Drive already mounted at /content/drive; to attempt to forcibly remount, call drive.mount("/content/drive", force_remount=True).


In [3]:
#Load clean data interactions dataset
interactions = pd.read_csv('drive/MyDrive/CapstoneML/clean_data.csv')

In [4]:
interactions.head()

Unnamed: 0,name,id,minutes,contributor_id,submitted,tags,nutrition,n_steps,steps,description,ingredients,n_ingredients,user_id,recipe_id,date,rating,review
0,emotional balance spice mixture,48156,10,6164,2002-12-09,"['15-minutes-or-less', 'time-to-make', 'course...","[182.7, 11.0, 4.0, 1.0, 13.0, 4.0, 10.0]",2,['mix the spices together and store in an airt...,really an effective spice blend...i got it in ...,"['ground black pepper', 'ground ginger', 'grou...",6,65056,48156,2004-10-12,5,I am just begining to learn a bit about Ayurve...
1,emotional balance spice mixture,48156,10,6164,2002-12-09,"['15-minutes-or-less', 'time-to-make', 'course...","[182.7, 11.0, 4.0, 1.0, 13.0, 4.0, 10.0]",2,['mix the spices together and store in an airt...,really an effective spice blend...i got it in ...,"['ground black pepper', 'ground ginger', 'grou...",6,191739,48156,2008-03-02,5,This is the fourth or fifth time that I have m...
2,emotional balance spice mixture,48156,10,6164,2002-12-09,"['15-minutes-or-less', 'time-to-make', 'course...","[182.7, 11.0, 4.0, 1.0, 13.0, 4.0, 10.0]",2,['mix the spices together and store in an airt...,really an effective spice blend...i got it in ...,"['ground black pepper', 'ground ginger', 'grou...",6,844554,48156,2009-03-26,5,This looked very interesting and a good way to...
3,jiffy roasted corn and jalapeno cornbread,108414,35,29506,2005-01-15,"['60-minutes-or-less', 'time-to-make', 'course...","[400.2, 32.0, 43.0, 31.0, 21.0, 54.0, 14.0]",10,"['melt butter in a saut pan', 'add the corn , ...","this is a moist, easy, colorful and delicious ...","['whole kernel corn', 'onion', 'red bell peppe...",10,1189565,108414,2009-03-22,5,This was excellent!
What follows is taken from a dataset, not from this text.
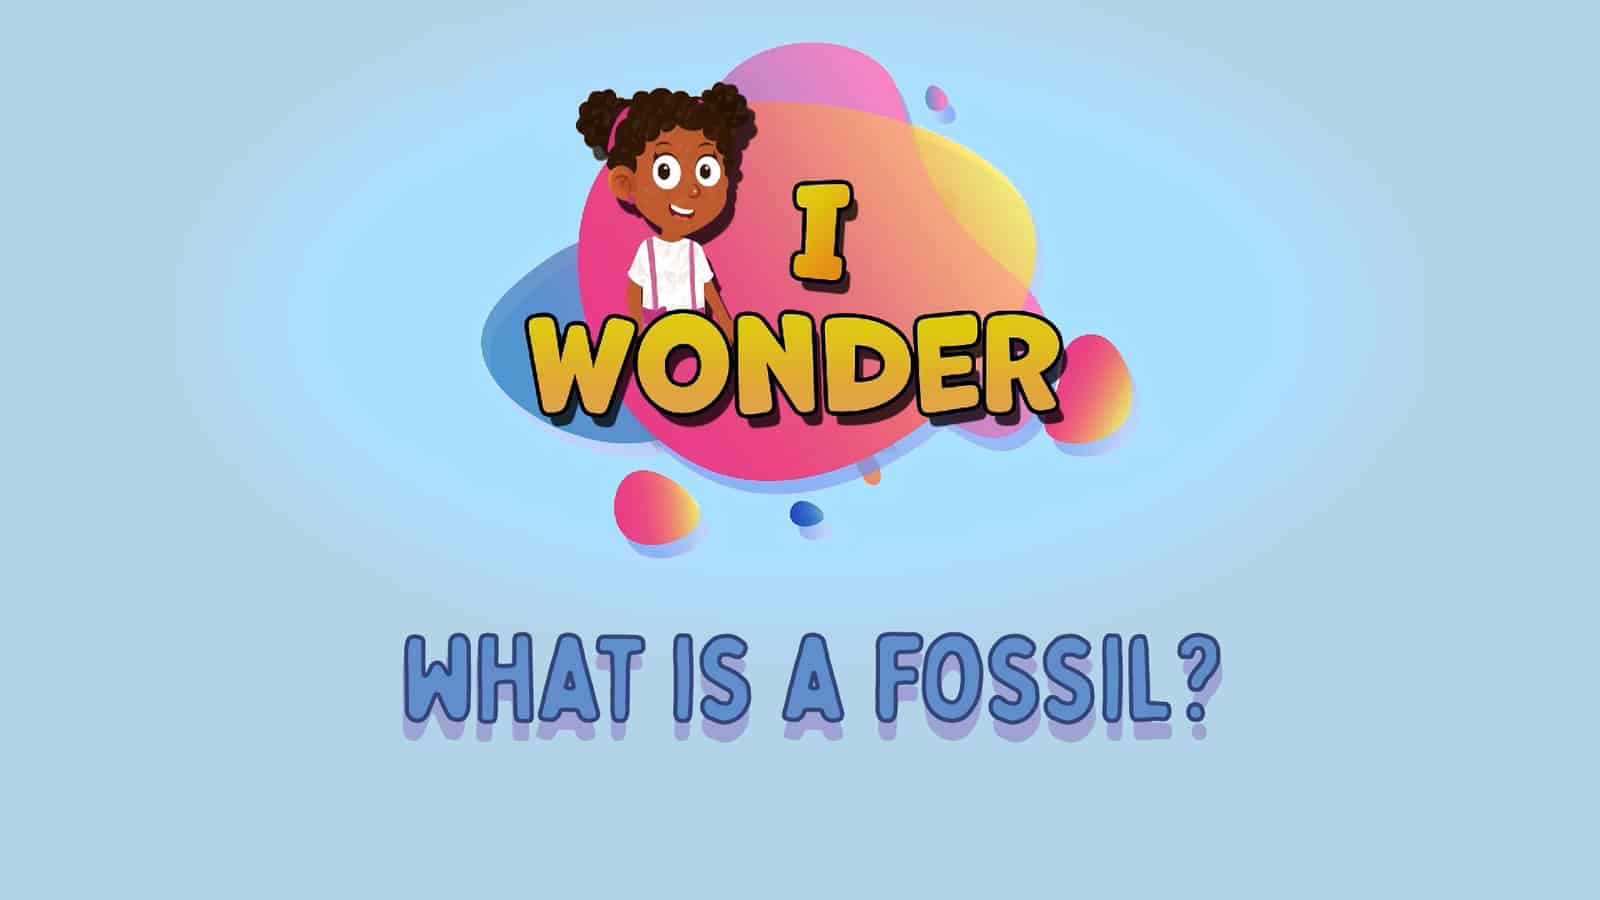 What Is A Fossil?

I used a 12 oz. bag of fro...
4,jiffy roasted corn and jalapeno cornbread,108414,35,29506,2005-01-15,"['60-minutes-or-less', 'time-to-make', 'course...","[400.2, 32.0, 43.0, 31.0, 21.0, 54.0, 14.0]",10,"['melt butter in a saut pan', 'add the corn , ...","this is a moist, easy, colorful and delicious ...","['whole kernel corn', 'onion', 'red bell peppe...",10,588852,108414,2009-08-30,5,I have made this a few times and it disappears...


In [5]:
#Encode user _id and recipe_id using LabelEncoder
user_encoder   = LabelEncoder()
recipe_encoder = LabelEncoder()

interactions['user_id'] = user_encoder.fit_transform(interactions['user_id'])
interactions['recipe_id'] = recipe_encoder.fit_transform(interactions['recipe_id'])

In [6]:
#Train-test split
train,test = train_test_split(interactions, test_size =0.2, random_state=42)

In [7]:
#Parameters
n_users=len(interactions['user_id'].unique())
n_recipes=len(interactions['recipe_id'].unique())
embedding_size =64

In [8]:
#Define the model
user_input = Input(shape=(1,))
user_embedding = Embedding(n_users, embedding_size)(user_input)
user_flatten = Flatten()(user_embedding)

recipe_input = Input(shape=(1,))
recipe_embedding = Embedding(n_recipes, embedding_size)(recipe_input)
recipe_flatten = Flatten()(recipe_embedding)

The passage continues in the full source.